Münster: Koordinator/-innen des Peer-Projektes an Fahrschulen aus Berlin, Brandenburg, Hessen, Hamburg, Sachsen-Anhalt und Nordrhein-Westfalen trafen sich, um Arbeitsergebnisse auszutauschen und Eckpunkte und konkrete Arbeitsschritte einer zukünftig engeren Kooperation zu vereinbaren.
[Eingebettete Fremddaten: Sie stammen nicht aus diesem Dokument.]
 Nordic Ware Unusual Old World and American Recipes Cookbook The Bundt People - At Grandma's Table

In dem Projekt engagieren sich junge Menschen, die selbst zur Gruppe der Fahranfängerinnen und Fahranfänger gehören als sogenannte Peers. Zielsetzung ist es junge Fahranfängerinnen und Fahranfänger rechtzeitig, nämlich vor Erwerb des Führerscheins, über die Gefahren von Alkohol und Drogen im Straßenverkehr aufzuklären. In Form einer geleiteten Kurzintervention richtet sich das Angebot direkt und vor Ort in der Fahrschule der Fahrschülerinnen und Fahrschüler.

Die Koordinatorinnen und Koordinatoren der PEER-Projekte an Fahrschulen in verschiedenen Regionen Deutschlands kamen im April in Münster zusammen, um über die Zukunft des bundesweiten Projektes zu diskutieren.
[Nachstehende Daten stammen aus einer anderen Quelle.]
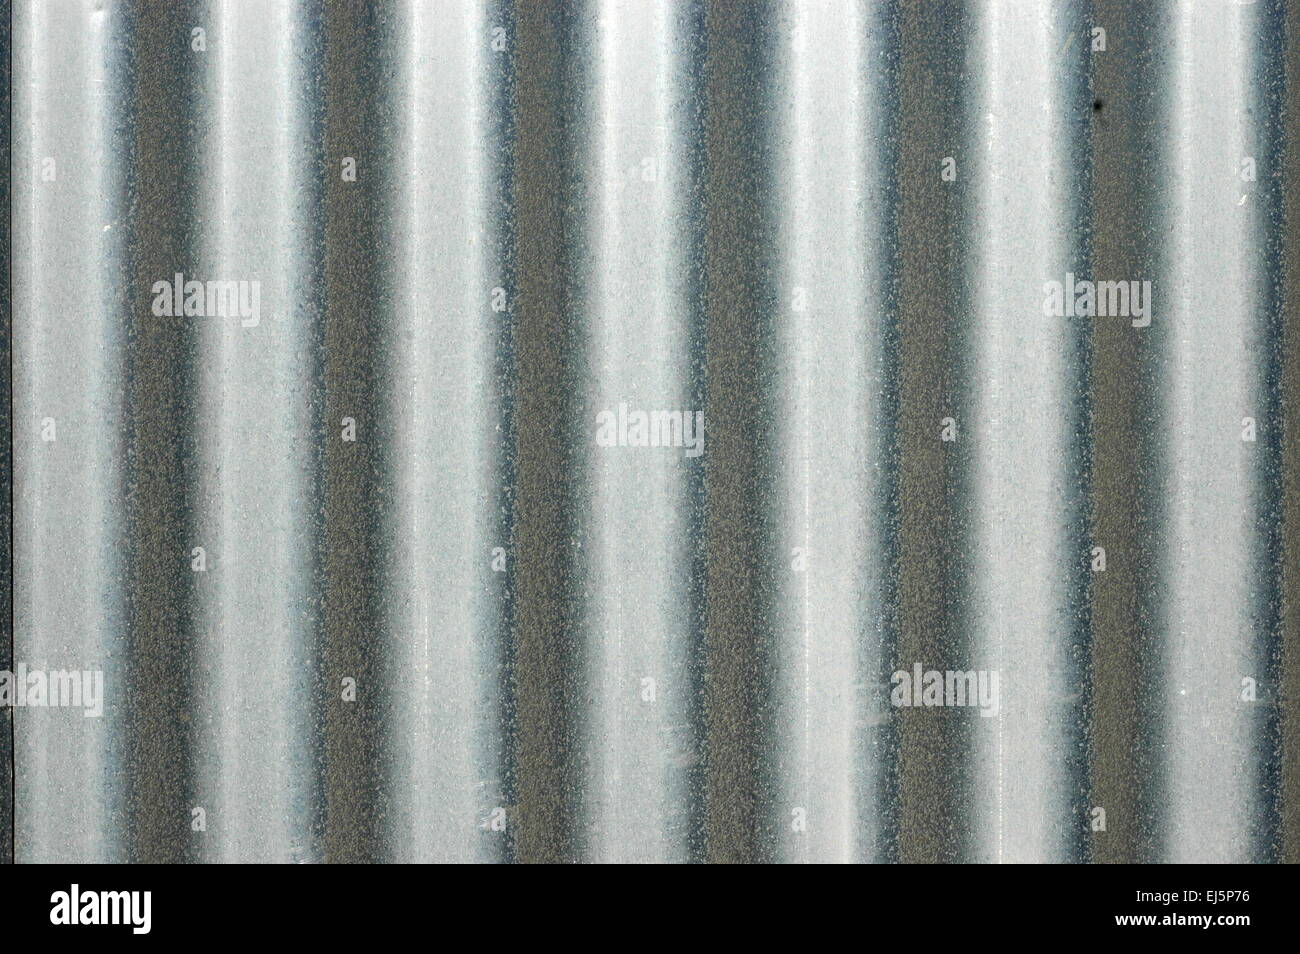 Abstract Background Texture of Corrugated Iron Stock Photo

Mehr als 250 Peers erreichen jedes Jahr, in über 800 Einsätzen über 8.000 Fahrschülerinnen und Fahrschüler. Im Hinblick auf die Schnittstelle der Suchtprävention und Verkehrssicherheit ist dies deutschlandweit einzigartig.

Die Beteiligten waren sich einig, die Qualität des vom An-Institut MISTEL der Hochschule Magdeburg-Stendal entwickelten Projektes, zukünftig gemeinsam sicherzustellen.  Für die Entwicklung gemeinsamer Qualitätsstandards, einen kontinuierlichen fachlichen Austausch und die Verbreitung des Ansatzes wurde deshalb die „Interessengemeinschaft PPF“ gegründet.

Weitere Schritte, die vereinbart wurden, sind u.a. die Verständigung auf eine „Corporate Identity“, die Neugestaltung der zentralen Internetpräsenz und die Zusammenführung bislang vereinzelter „Social-Media“-Aktivitäten. Auch die methodische Weiterentwicklung des Projektes mit Blick auf aktuelle Entwicklungen in der Verkehrssicherheit, z.B. die Ablenkung von jungen Fahrerinnen und Fahrern durch die Smartphone-Benutzung am Steuer, wird in den Blick genommen.